Re: Kernel 'developer' makes fuzzy FUD (RH Episodes: Volume 1)


From: L.M.H <lmh () info-pull com>
Date: Sun, 12 Nov 2006 19:14:41 +0100

On 11/12/06, Steve Grubb <sgrubb () redhat com> wrote:
First let's say that FUD is the wrong word to use here. You are the one
spreading FUD. Dave is not causing panic or a sense of "oh shit". He is
merely point out the obvious...you have to either have privileges to perform
mount or physical access to the machine. If all these are is DoS and you have
physical access, why not just yank the power cord?

AFAIK Fedora Core and many other 'distributions' out there let
unprivileged users mount filesystems, you don't need to be root to do
it. Actually, you've worked around SELinux. We were sitting right next
to each other during a developer meeting, right? Well, you can let
policy decide in a fine-grained manner who is capable of mounting
filesystems.

Until an exploit is written, these are just DoS crashes.

Steve, that doesn't make sense. Like arguing that an over-heating
problem is just a cooling problem until something burns out. Check
what Ilja wrote in a comment to Dave's blog.

Anyway, don't take me wrong, but I'm not here to educate yourself on
security matters.


Because that is the responsible thing to do. If a bug is not assessed that
could be a security issue, it should be private until a determination has
been made one way or another. This also brings up the point that you are
posting bugs I found to the MoKB as if you found them and not giving me
credit. This also goes for the squash double free (which the kernel catches)
and the ext3 softlock up - both of which were in bugzilla a while back. There
are also bugs filed for hfs and gfs2 - which simply crash the system.

Right, HFS has null ptr dereference problems and a memory leak issue,
probaly more issues (...). GFS2 is as well broken.

On the crediting part... hmm, mind if I ask you who approached you
with filesystem issues back in March?  The assumption that I didn't
know about the other issues before even commenting to you about them
is totally flawed as well.

BTW, how's that in every mention from Red Hat (as in employees,
including yourself) about fsfuzzer, it appears as you're the only one,
first and original, developer of fsfuzzer? Not that I care, but I find
it amusing. I get all sorts of apologies over private e-mail but the
public side is there to check.

And I would like to know about your comment on that bugzilla entry
begging for the bug to be fixed 'before the month of kernel bugs
starts (nov. 1)'. The timing is what strikes me.

reason these bugs need to be fixed. If you have root to do mounting, there
are so many ways to crash your own machine.

*Mounts a USB stick in FC5 as nobody*
*Inserts CD, mounted*

What about network-based filesystems? Too may hints already...

The need to make file systems
more robust is the reason that I worked on fsfuzzer with you.

What about the Python bytecode bug? Probably not a big deal, but it's
still unpatched.
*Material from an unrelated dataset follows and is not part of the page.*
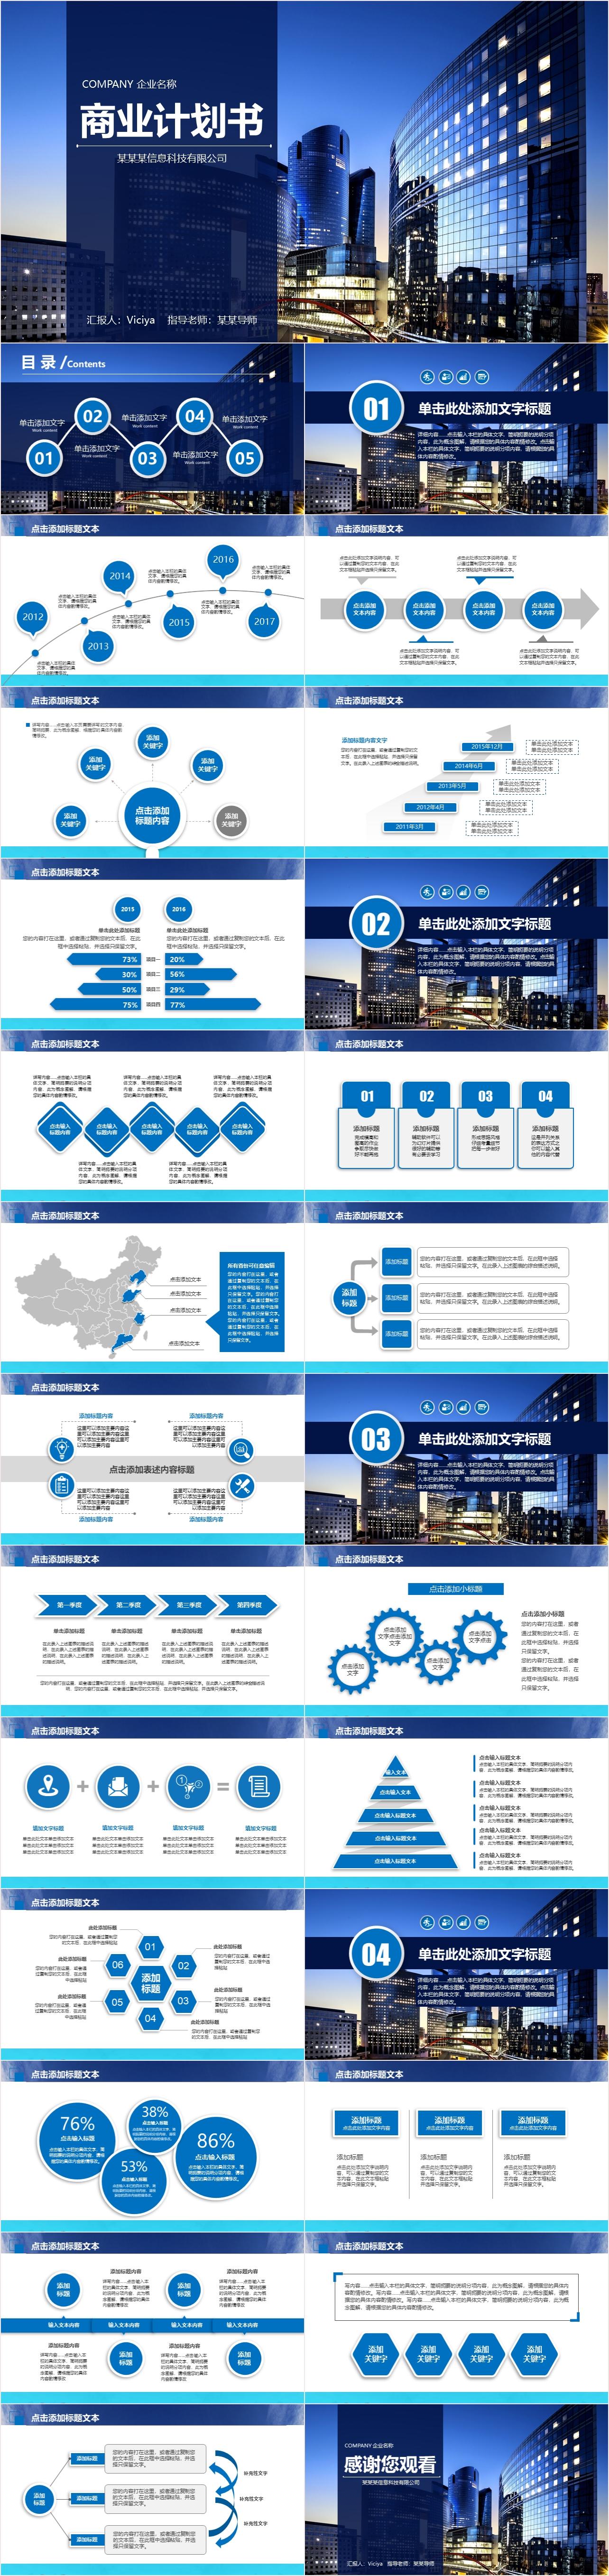 VC0023 商业计划PPT模板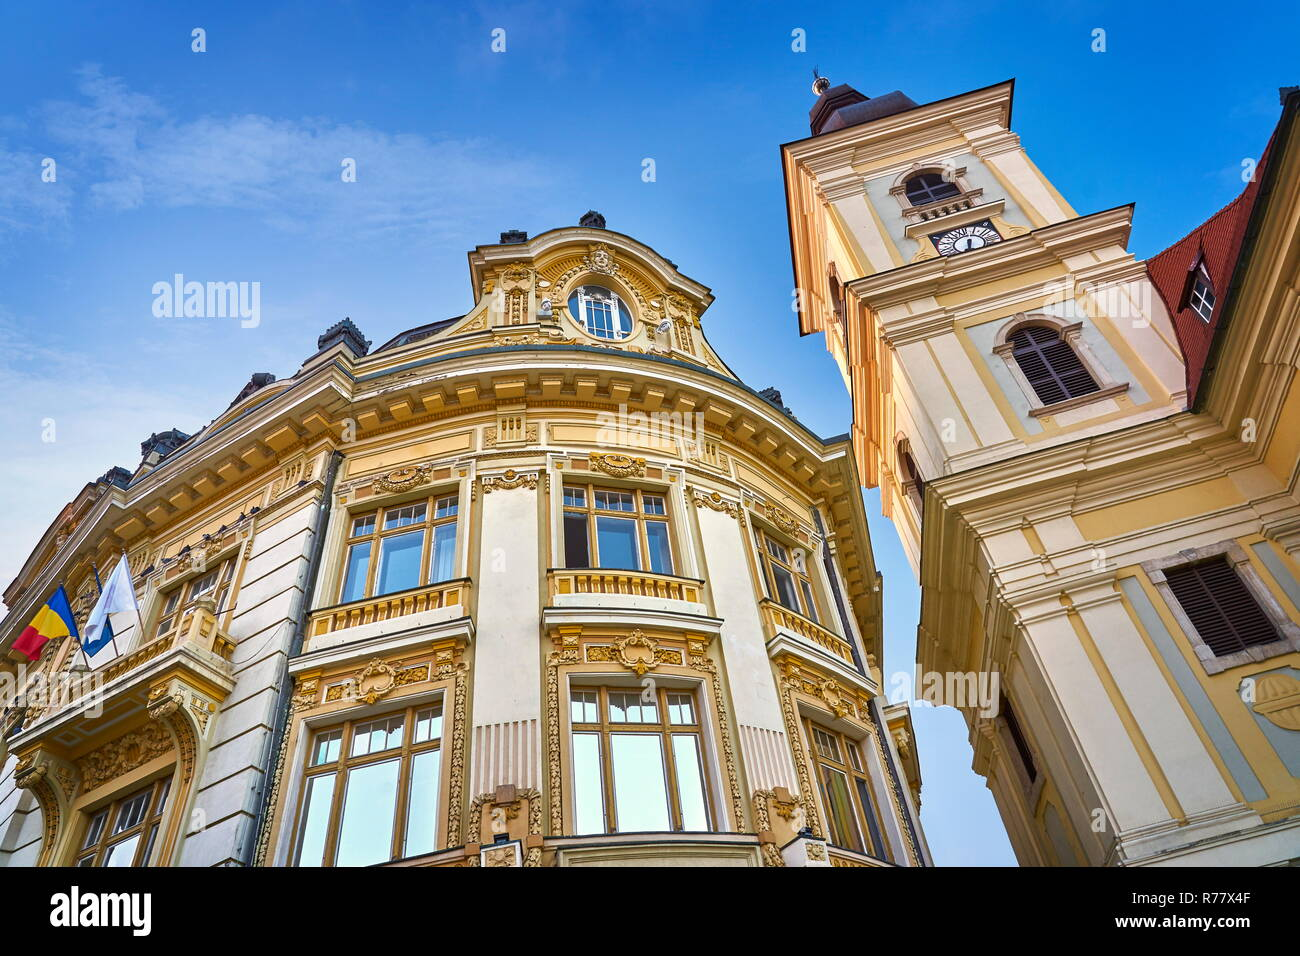 City Hall in Large Square, Sibiu, Transylvania, Romania - Stock Image

For over a year, I remember I sent it to you and some
other people there.

If you have physical access to a machine, you can put your favorite distro in
the CD-Rom tray and install anything you want on the system. So, no I do not
believe this falls into security fixes because there are easier ways to
compromise a box if you are root or have physical access.

You're arguing the same over and over. Worst of all, you know that
you're talking BS on this, as Fedora Core (no RHEL handy to test here)
let's non-privileged users mount filesystems. Automount magic. Anyway,
I'll repeat myself: I'm not here to educate yourself on security
matters.

PS the above is not FUD since I'm not spreading fear.

No, you're just spreading uncertainty and doubt.

Cheers.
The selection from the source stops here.